The response surface plot (a) and corresponding counter plot (b) for the interactive effect of dye concentration and adsorbent dosage

Contact time plays an important role in the treatment processes of colored waters (Kousha et al. 2012). Figure 9 depicts the surface plot of removal of CV as a function of contact´s time and adsorbent dosage. Removal of CV is enhanced as contact time and adsorbent dosage increase. The combined effect of adsorbent dosage and contact time were positive and statistically significant as also revealed by the contour lines and Table 7. Maximum dye removal (>83%) was observed at constant dye concentration 100 mg L−1.

Fig. 9
figure 9

The response surface plot (a) and corresponding counter plot (b) for the interactive effect of adsorbent dosage and contact time

Figure 10 depicts the combination of the two parameters: contact´s time and initial dye concentration, with the adsorbent dosage at central point considered to be 2 g L−1. It can be seen that the lowest percent removal is optimized in higher concentrations of dye 150 mg L−1. Dye removal of CV was increased with decreasing dye concentration from 50 to 150 mg L−1. This can be explained by saturation of adsorptive sites on the surface of the clay (Deniz and Saygideger 2010).
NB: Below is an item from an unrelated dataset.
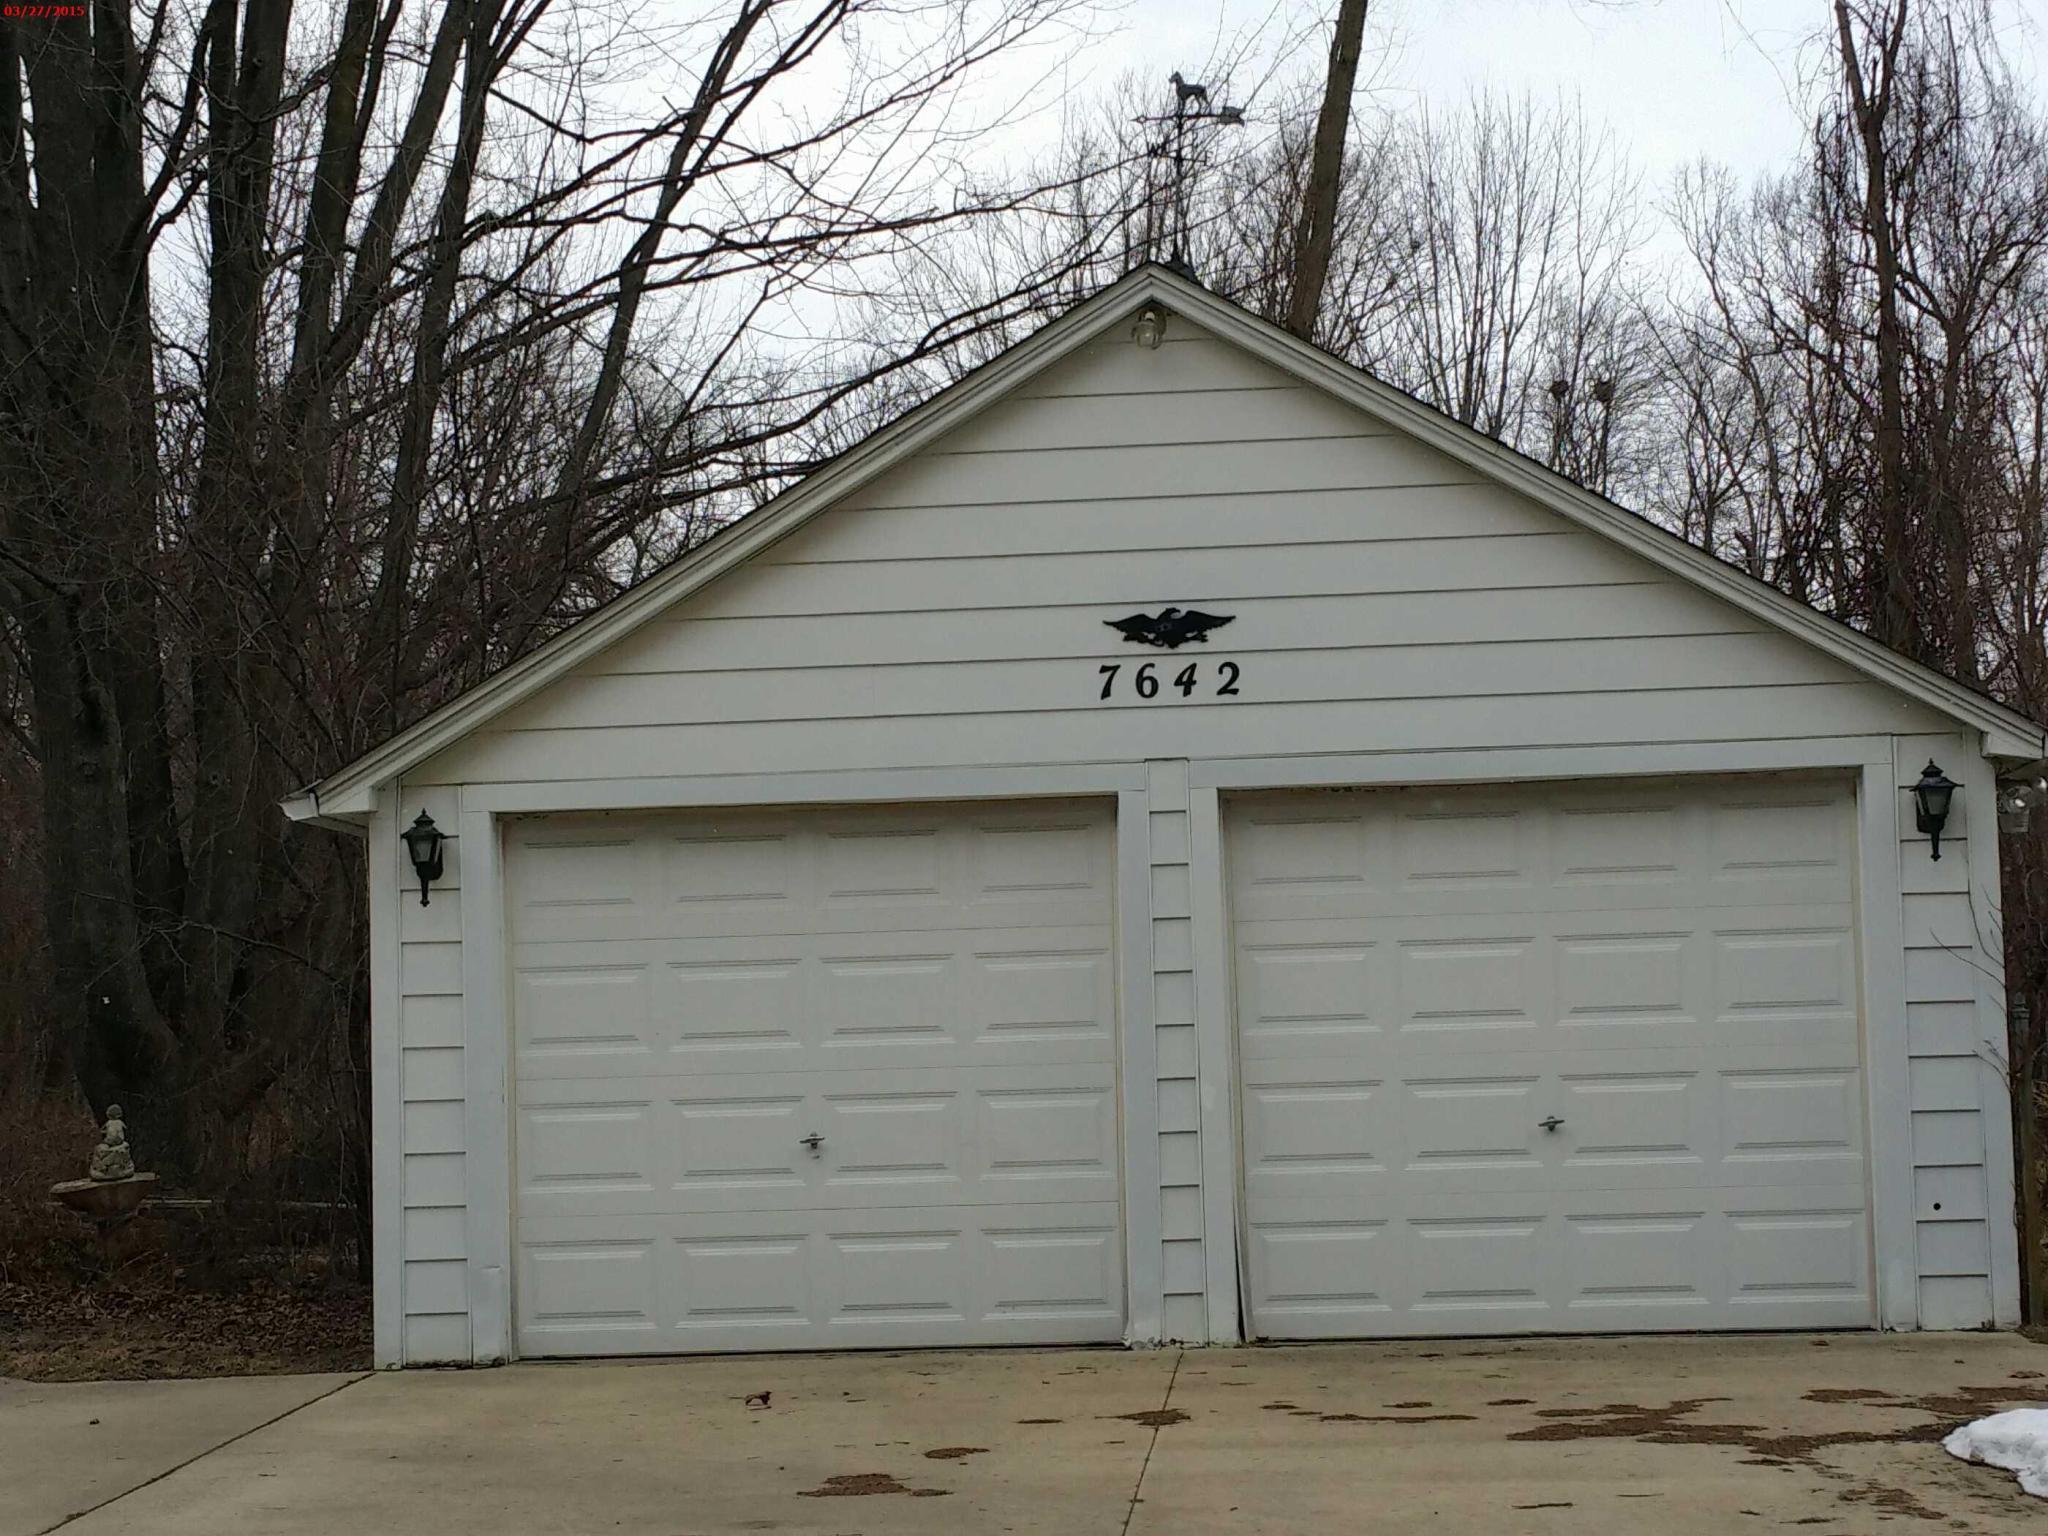 7642 Pontiac Lake Rd Waterford Mi 48327 Estimate And Home Garage

Similarly, Feng et al. (2011) observed that dye removal of methylene blue by their adsorbent increases when decreasing the dye concentration from 450 to 100 mg L−1. Statistically, the interactive effect of dye concentration and contact time is positive and significant, according to contour lines and multiple regression (Eq. 6).

Fig. 10
figure 10

The response surface plot (a) and corresponding counter plot (b) for the interactive effect of dye concentration and contact time

Conclusion

The performance of local clay for removal of CV dye from aqueous solution was modeled and optimized using response surface methodology by the Box–Behnken model. Experiments were made as a function of three important operational parameters including initial dye concentration, adsorbent dose and contact time. The statistical analysis results suggested that a second-order polynomial regression model could properly interpret the experimental data with a coefficient of determination R 2 value 0.997 and Fisher F value of 281.53. The first-order main effects of the independent variables (X 1, X 2 and X 3) were relatively more significant than their respective quadratic effects (X 21 , X 22 and X 23 ). The graphical response surface plot demonstrated that the initial dye concentration is the most significant component of the quadratic model for the present adsorbent-adsorbate system. Optimization conditions for the maximum removal efficiency of CV were obtained by applying a desirability function in RSM. The level of the three variables, initial dye concentration 125 mg L−1, adsorbent dose 2.5 g L−1, contact time 43 min, were found to be optimum for maximum CV removal. The corresponding removal efficiency in optimum conditions was found to be 81.62% for the above conditions of operational parameters. Practically, the (%) removal is in the range of 27.42–95.30%. Conclusively, the Box–Behnken model is suitable to optimize the experiments for dye removal by adsorption, where the local clay would be an efficient adsorbent for treating CV solution. Particle Size Analyzer was used to determine the granulometric parameters d 10, d 50 and d 90 of the local clay. The cumulative and differential particle size distributions of this material are 2.10, 25.47 and 110.10 μm, respectively, for d 10, d 50 and d 90.